▸ EXERCISE: Output every entry exactly as written, skipping any pictures.
____
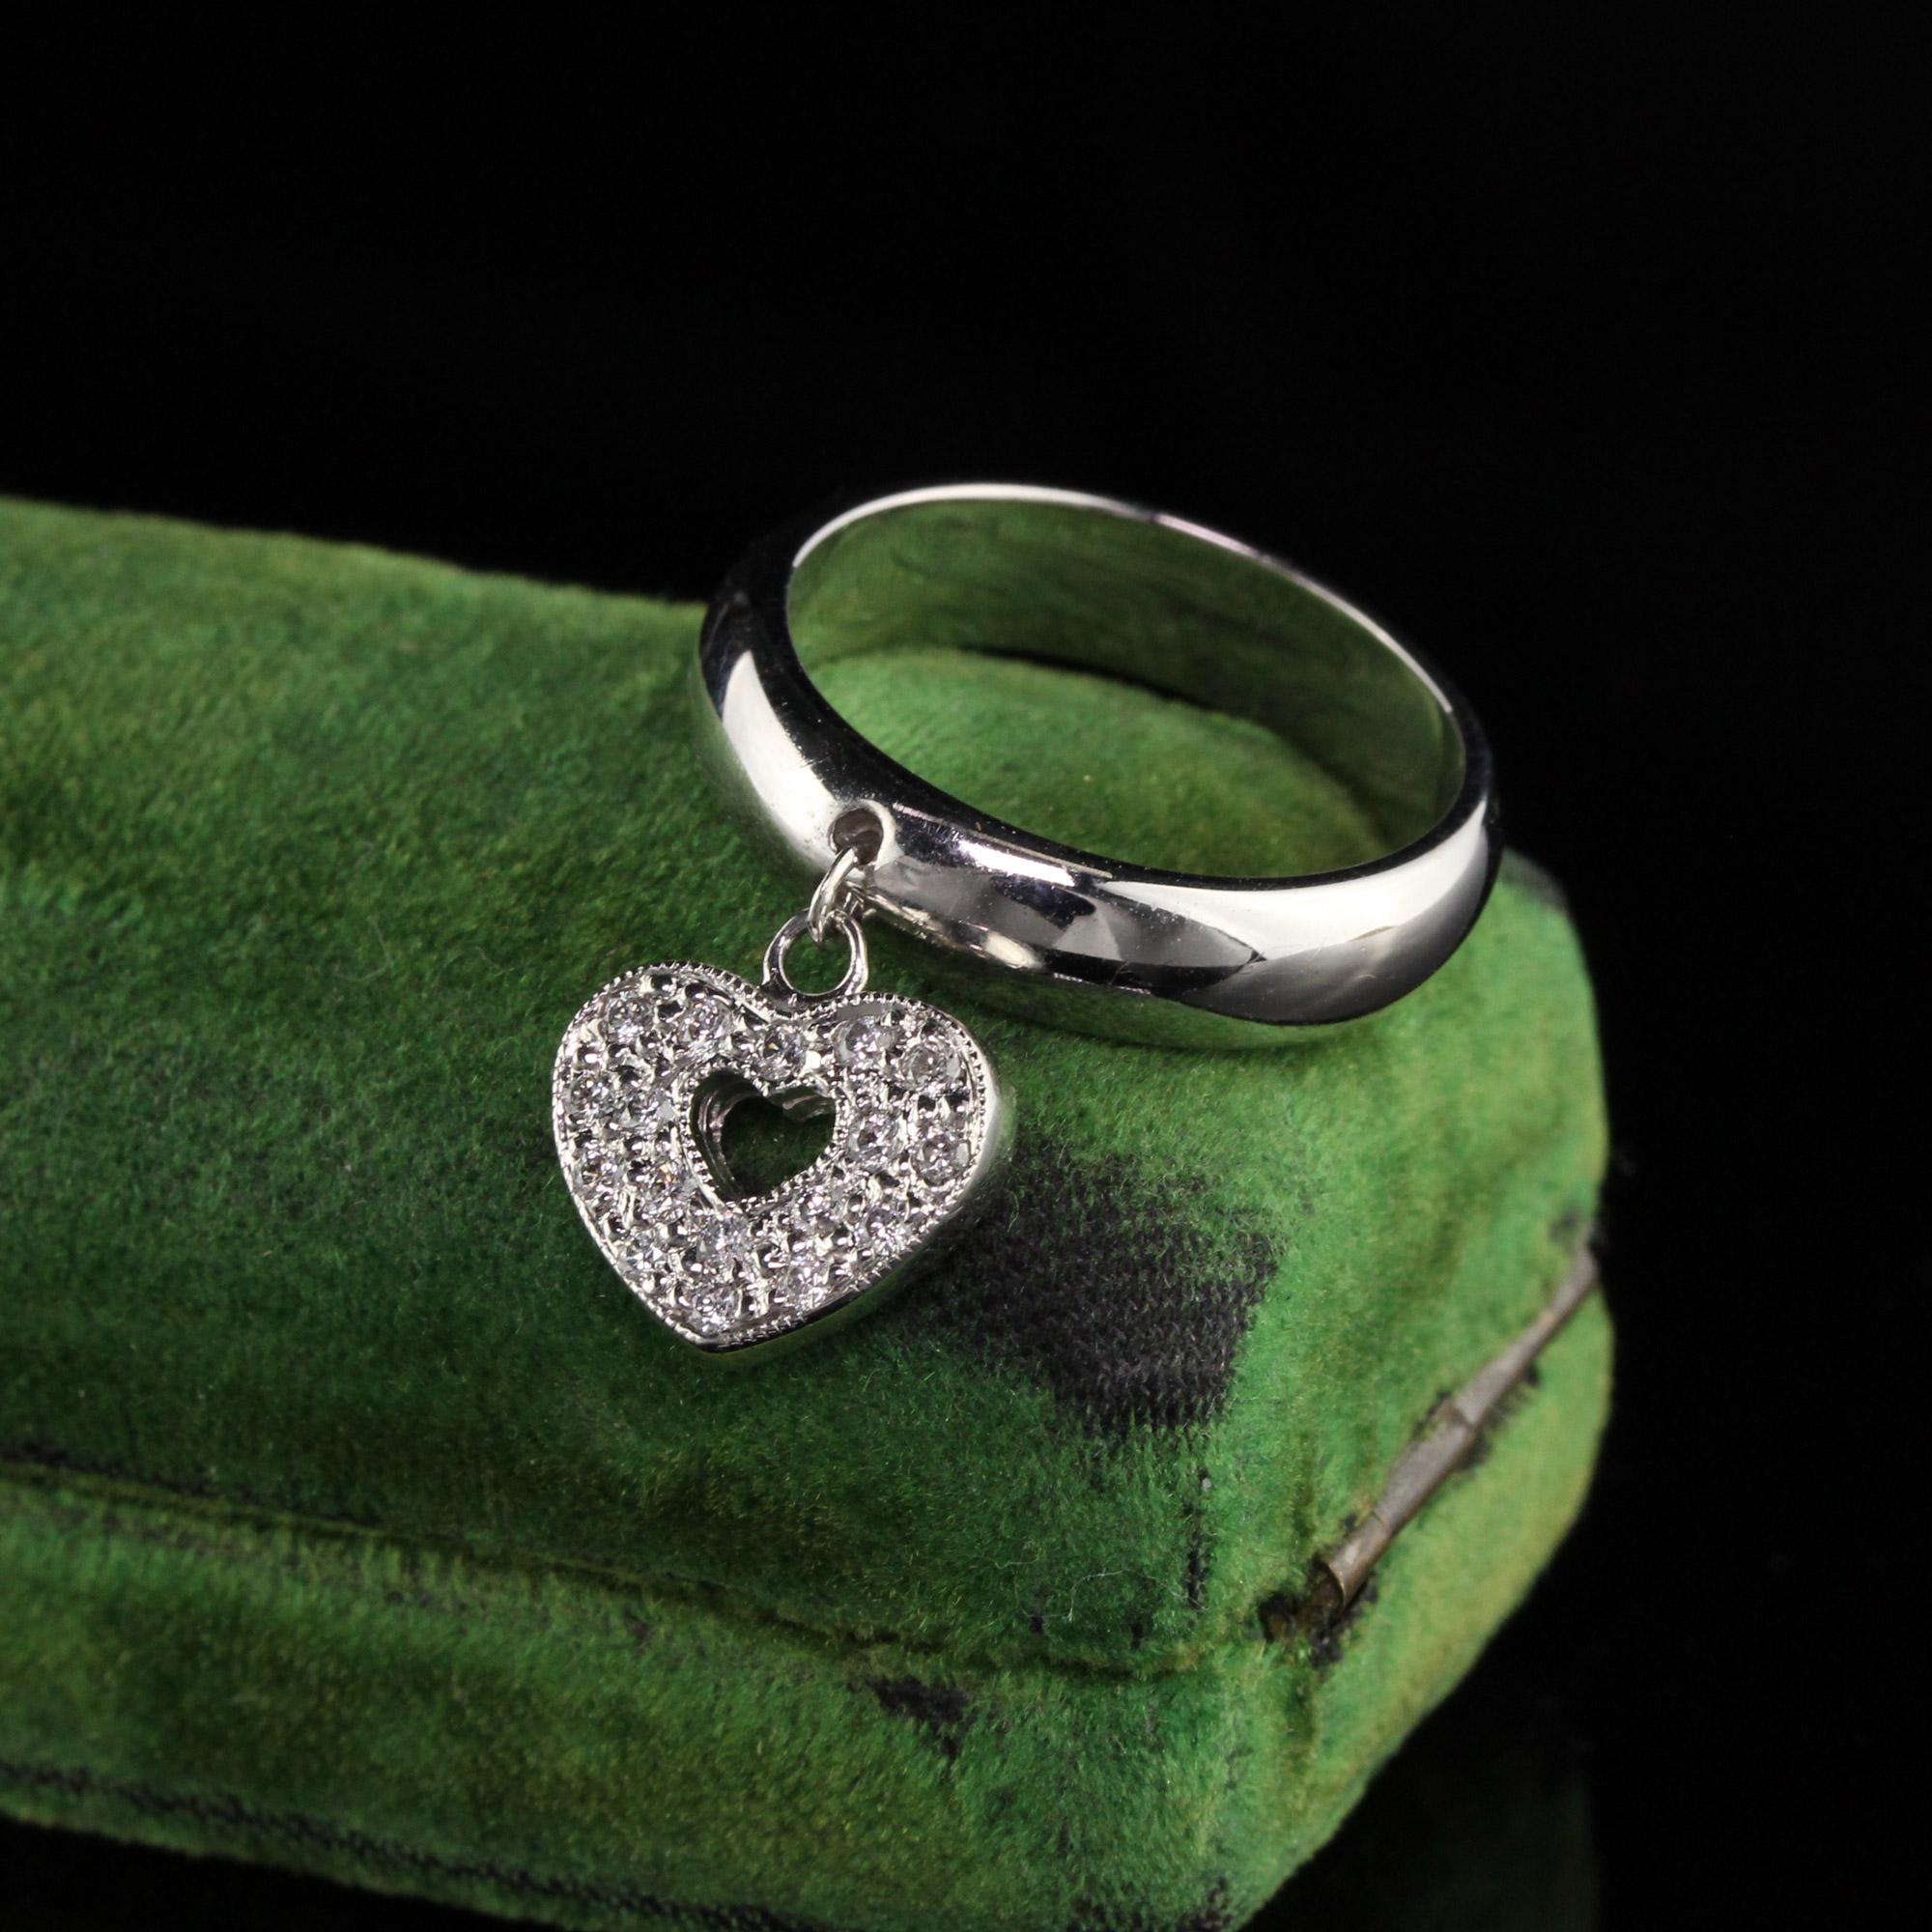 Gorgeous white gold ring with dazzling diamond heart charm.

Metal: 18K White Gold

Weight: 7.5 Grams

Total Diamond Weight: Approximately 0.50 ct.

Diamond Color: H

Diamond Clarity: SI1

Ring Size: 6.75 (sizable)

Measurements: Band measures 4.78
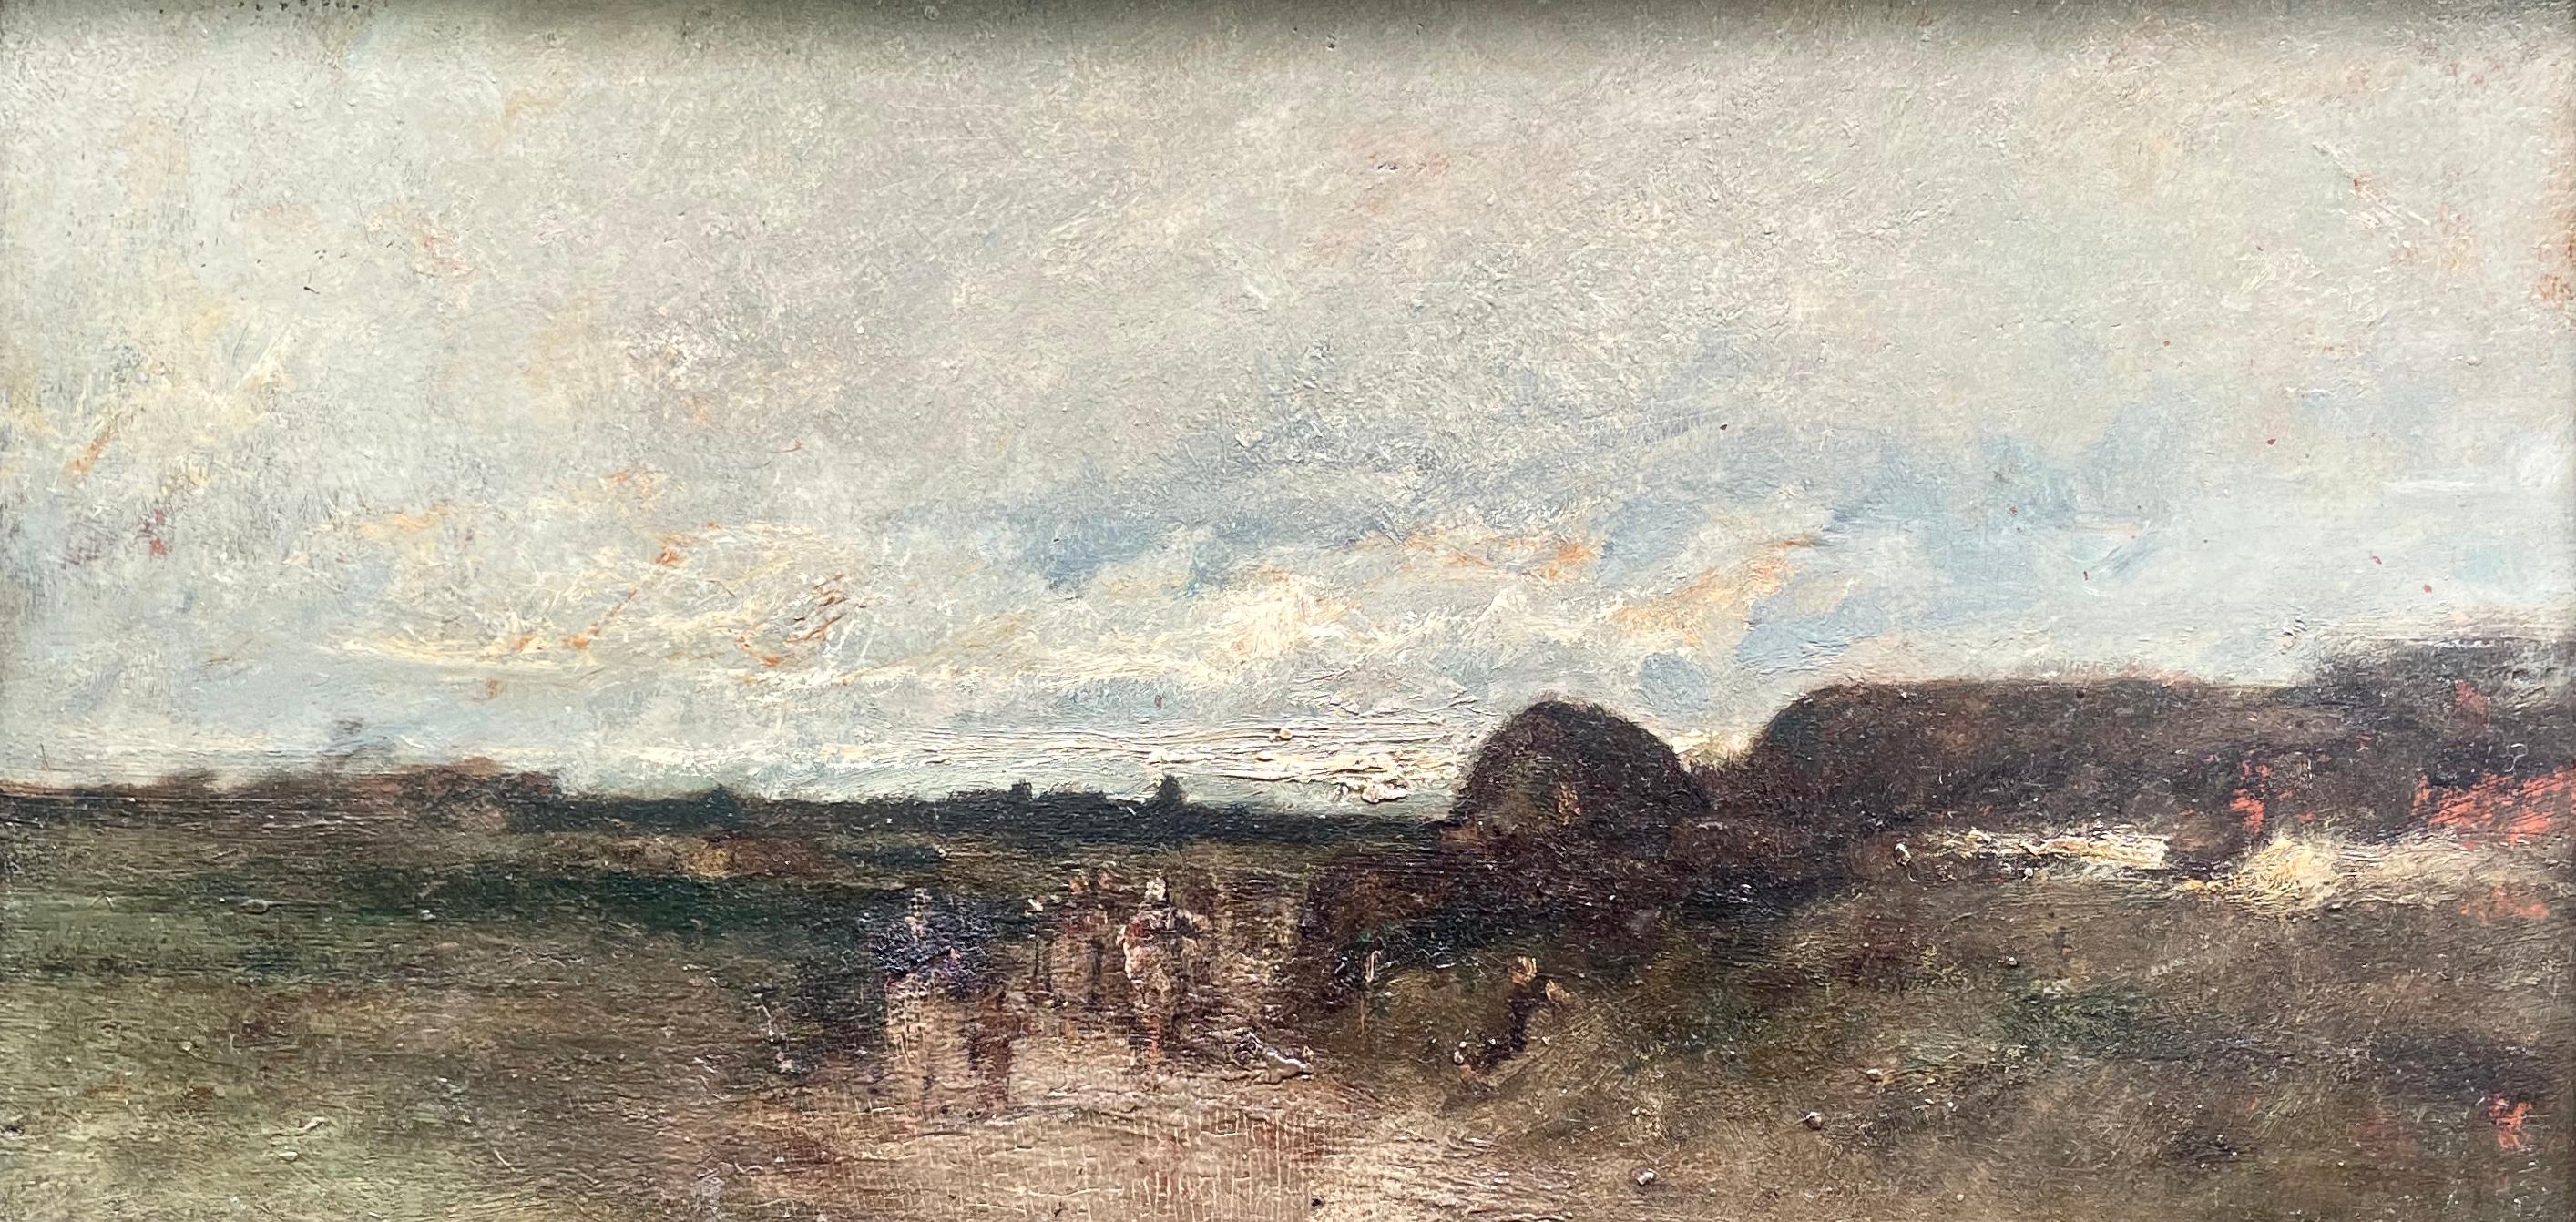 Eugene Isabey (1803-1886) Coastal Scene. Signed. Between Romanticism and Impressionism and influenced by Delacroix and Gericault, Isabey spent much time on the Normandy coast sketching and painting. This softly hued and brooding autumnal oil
____
▸ OUTPUT:
 Gorgeous white gold ring with dazzling diamond heart charm.

Metal: 18K White Gold

Weight: 7.5 Grams

Total Diamond Weight: Approximately 0.50 ct.

Diamond Color: H

Diamond Clarity: SI1

Ring Size: 6.75 (sizable)

Measurements: Band measures 4.78
 Eugene Isabey (1803-1886) Coastal Scene. Signed. Between Romanticism and Impressionism and influenced by Delacroix and Gericault, Isabey spent much time on the Normandy coast sketching and painting. This softly hued and brooding autumnal oil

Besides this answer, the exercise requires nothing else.